O’Connor-Connolly said an increase in the number of new Caymanian teachers entering the schools was an indication that government education scholarships were working, with local students successfully studying and training to become educators.

Mark Ray, director of the Department of Education Services, welcomed “home” the new Caymanian teachers, some of whom would be returning to the classrooms they grew up in and where they would now go on to form “some of the most important bonds of your life”.

He said this year there would continue to be an emphasis on the mental and emotional wellbeing of both students and educators, and ensuring resources were available to support that.

Salary recommendations

At the event, O’Connor-Connolly gave Deputy Governor Franz Manderson, who is head of the civil service, what she described as “some unsolicited, broad-brush guidelines” on salary recommendations for educators.

Harking back to recommendations she had made in 2017 that teachers be paid a minimum of $5,000 a month, which was eventually implemented, she said she had hoped at the time that this would have had a “domino effect” on the salaries of other educators, like assistant teachers, deputy principals and principals, but this had not happened.

Based on recent calculations and salaries in other jurisdictions, as well as cost-of-living increases, she said she was recommending that assistant teachers, by 1 Jan. next year, be paid at least $3,500 a month; assistant teachers, who are also qualified teachers, make no less than $4,000 a month; primary school deputy principals a minimum of $7,400 a month; primary principals at least $8,900 a month; secondary school deputy principals no less than $8,400 a month; and secondary school principals at least $9,800 a month.

She noted these educators had been “waiting six years” for those increases.

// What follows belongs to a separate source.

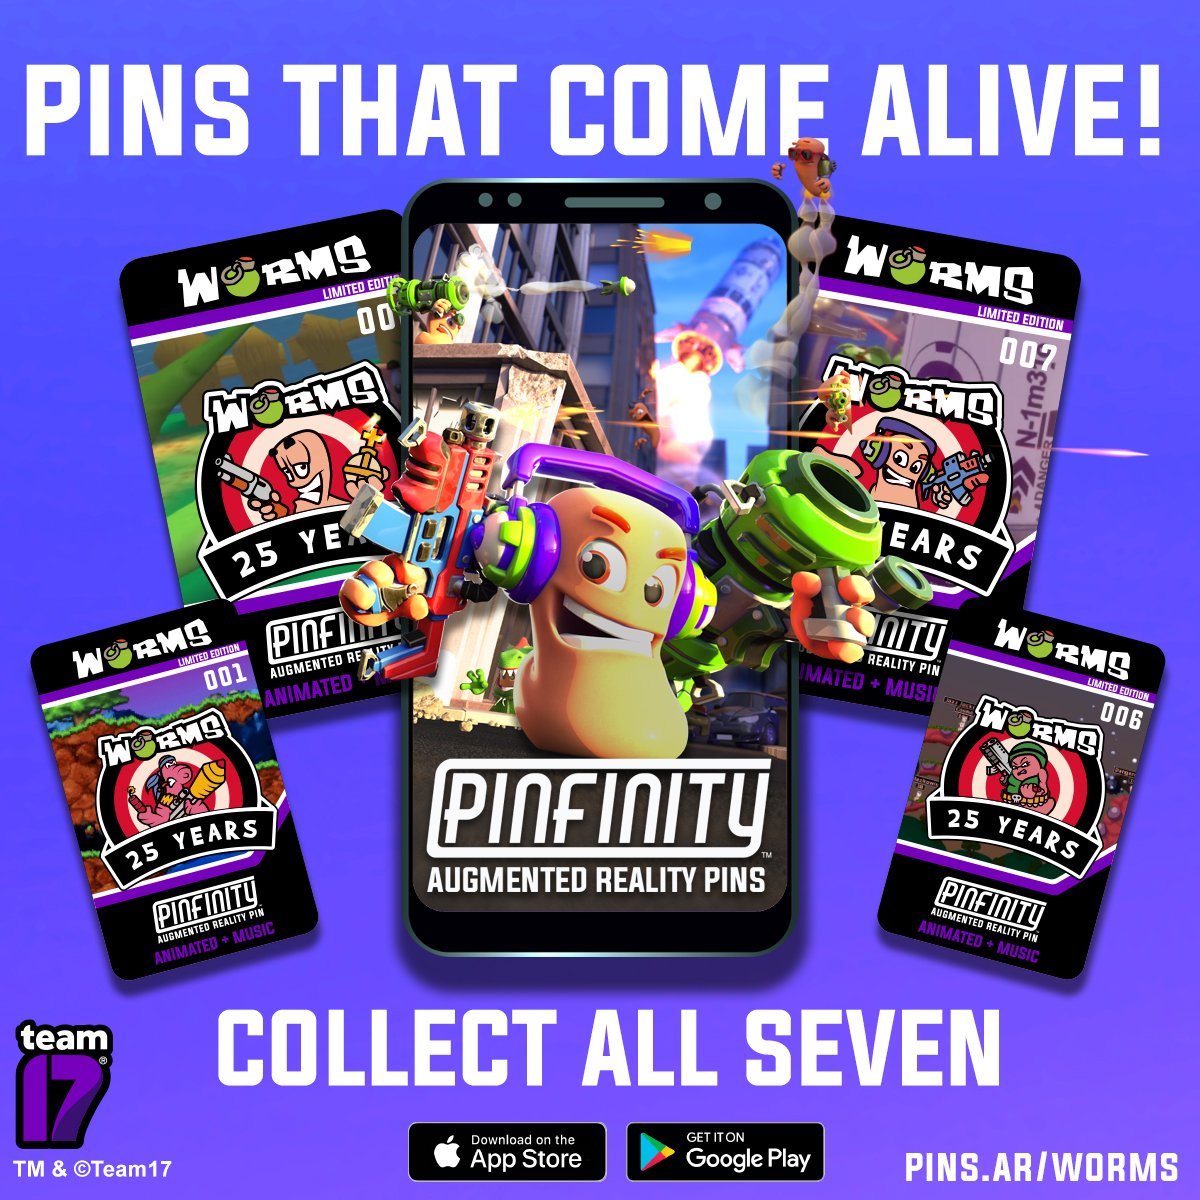 Pinfinity Celebrates 25th Anniversary of Worms with Seven-Pin Worms Collection! - Pinfinity - Augmented Reality Collectible Pins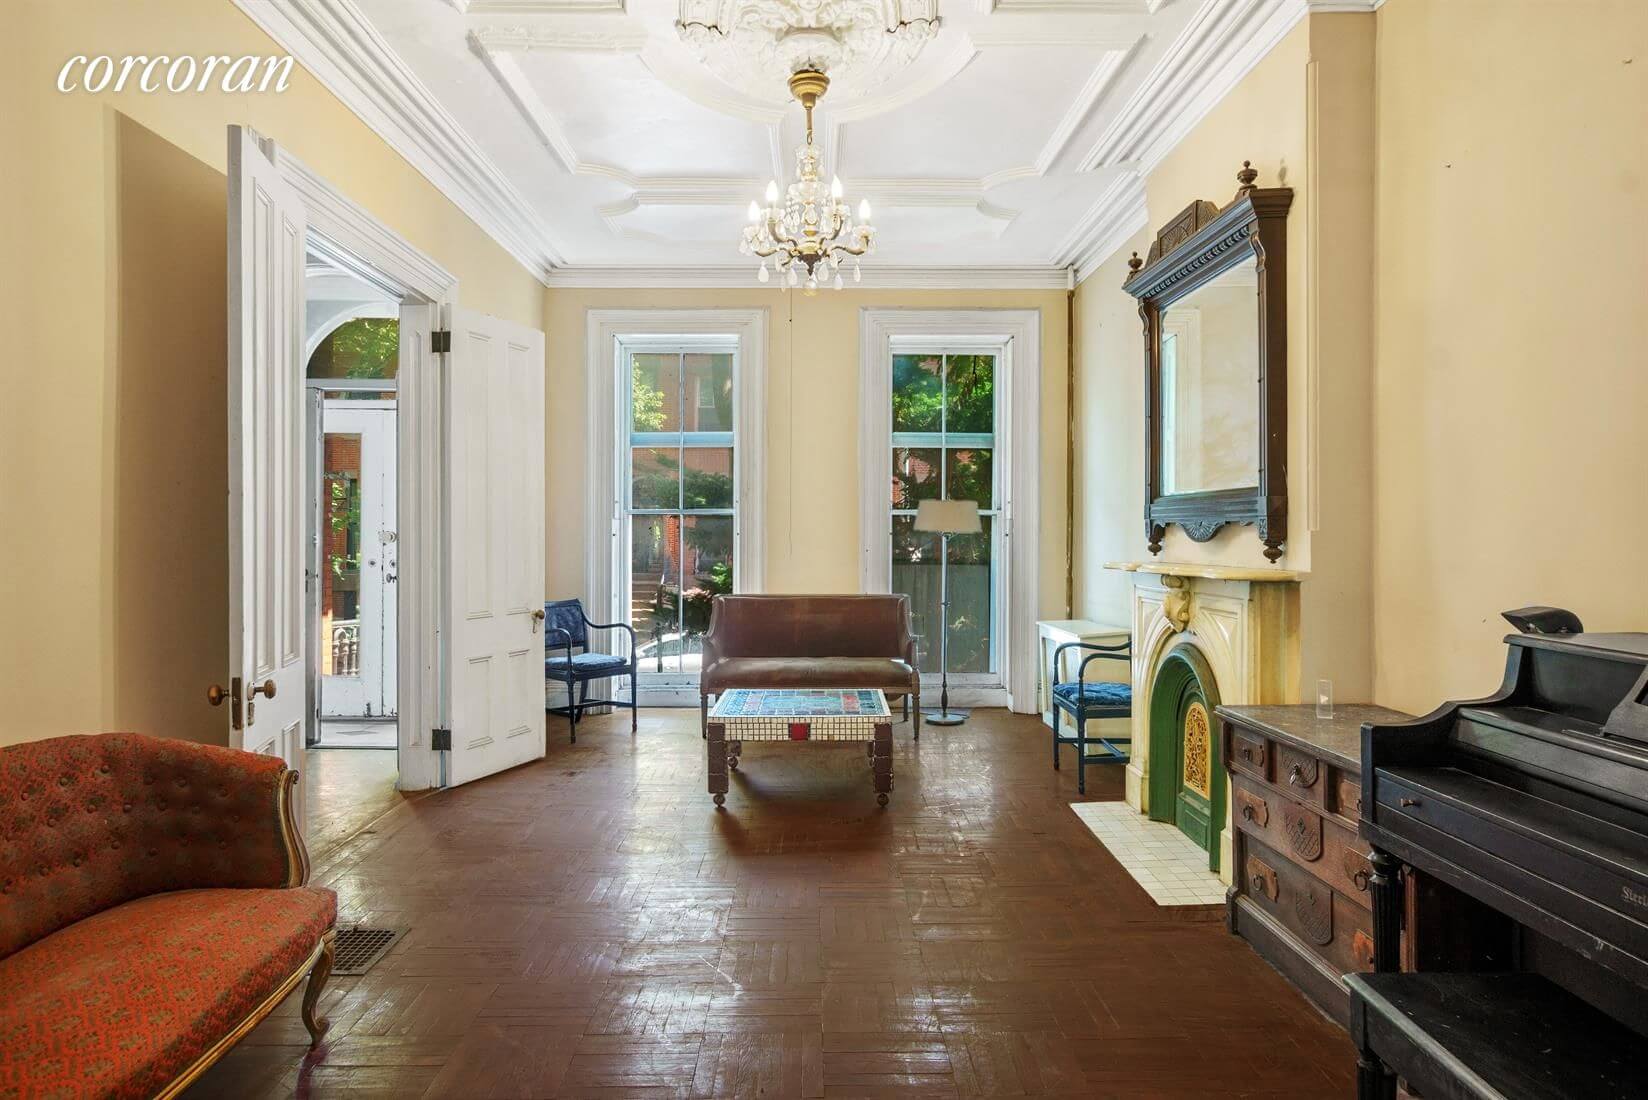 In Need of Work, Boerum Hill Row House With Mantels, Plasterwork Asks $3.15  Million | Brownstoner

Acknowledging that these were suggestions, she invited the deputy governor and the civil service team to consider those increases for the “superhero” school staffers who teach the nation’s children.

Tech advances

On the technological front, the minister said a new digital registration system was being implemented in local schools, and all teachers had been supplied with mobile phones.

Also, whiteboards were being replaced in all public school classrooms with Promethean boards, which connect to computer screens, she said. The old whiteboards are being given to other facilities, such as the Cayman Islands Further Education Centre, early learning centres and private schools.

The minister added that an issue with lag time in repairing or replacing laptops that each student is given had been dealt with and there was a sufficient number of those computers available to ensure that every child will have access to a laptop at all times.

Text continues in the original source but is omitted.